Counting letters in a word seems to have little to do with understanding the word. Young kids can’t spell or count well at all but no one says that means they can’t understand.
This is where the other claim is being made. That the structure of the model is fundamentally incapable of the operation, so even if you stipulated that the way you provide data is sufficient for intelligence then it still wouldn't work.
The universal approximation theorem addresses this point. In that, with an identity attention mechanism, a LLM is just a multi layer perceptron. The attention mechanism is effectively a way to get one of the benefits of a much larger fully connected layer without the massive cost.
A LLM can do what a MLP can do. A large enough MLP can do any function to arbitrary precision.
That makes the claim that an LLM could not do a task the same as saying no function can do that task.
Some are ok with this, if you invoke some supernatual aspect to intelligence then the inability to describe it with a function is quite reasonable,
If you want to stay in the world of reality, you have a much harder task, people like to point at quantum (Penrose) but it's hard to say what it is you are pointing at.
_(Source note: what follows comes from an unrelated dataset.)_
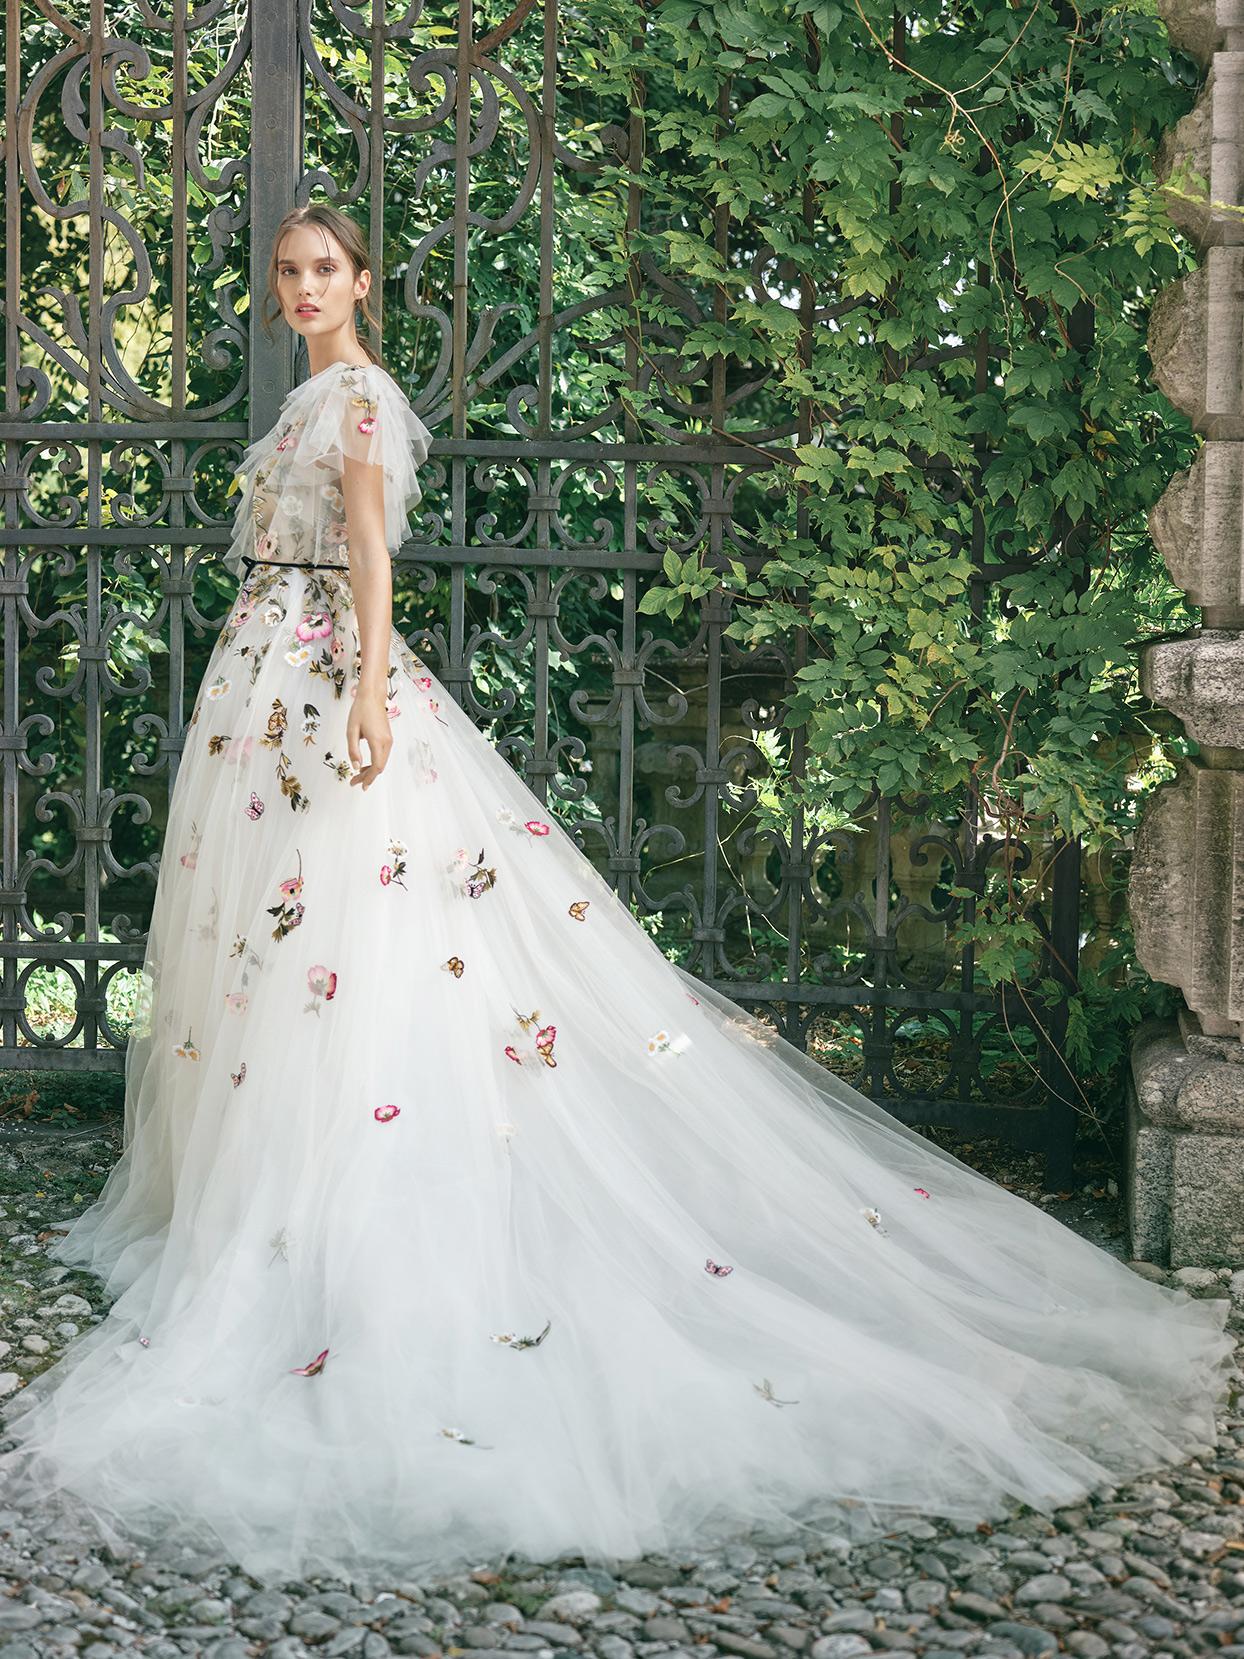 monique lhuillier tulle ball gown wedding dress fall 2020

I think the very act of proving that something is or is not intelligent, would render it functional by nature of it having a proof, (or disprove Gödel's incompleteness (a tough ask))
Are there any proofs that cannot be expressed as a function? A kind of Gödel locator, where you can prove something that you can identify is true but there is no formula to express it. I'm not entirely sure what that would even mean,
A language model completes text based on the overlapping patterns of the training data.
There absolutely was thinking involved… in the training data. Same as when you read a book, you engage with the thinking behind the text. The book isn’t thinking, and the author may be dead and gone, but there’s absolutely the traces of thinking in the text.
Language models produce mashups of texts they were trained on, and there’s absolutely the traces of thoughts behind those mashups.
I'm hearing a lot of bad arguments against LLM consciousness lately. Bad argumentation heralds bad outcomes.
What bad outcomes do you foresee from badly arguing against LLM consciousness?
We discovered math that decodes data storage in langauge and is able to use sophisticated continuation cohorts from ALL OF HUMAN RECORDED KNOWLEDGE to respond to you in a call/response model with very good synthesis capabilities.
Its super useful, but not life or conciousness. Its a simulated echo from our collective recorded behaviors. It understands because we understood first. It replies because we wrote it first. And it sorts, organizes, synthesizes and compresses that at impressive speed now.
It’s strange many others have not eh? I think when new developments arise, ironically, this is the true measure of human intelligence - one’s ability to make sense of a thing and be closest to the truth.
From Wikipedia: In 2023, Chiang was named one of Time's 100 most influential people in AI.
Indeed it isn't a one-off. His last infamous article compared AIs to Xerox machine image compression. He convinces a certain type of crowd that is not technical enough to poke holes in his posturing.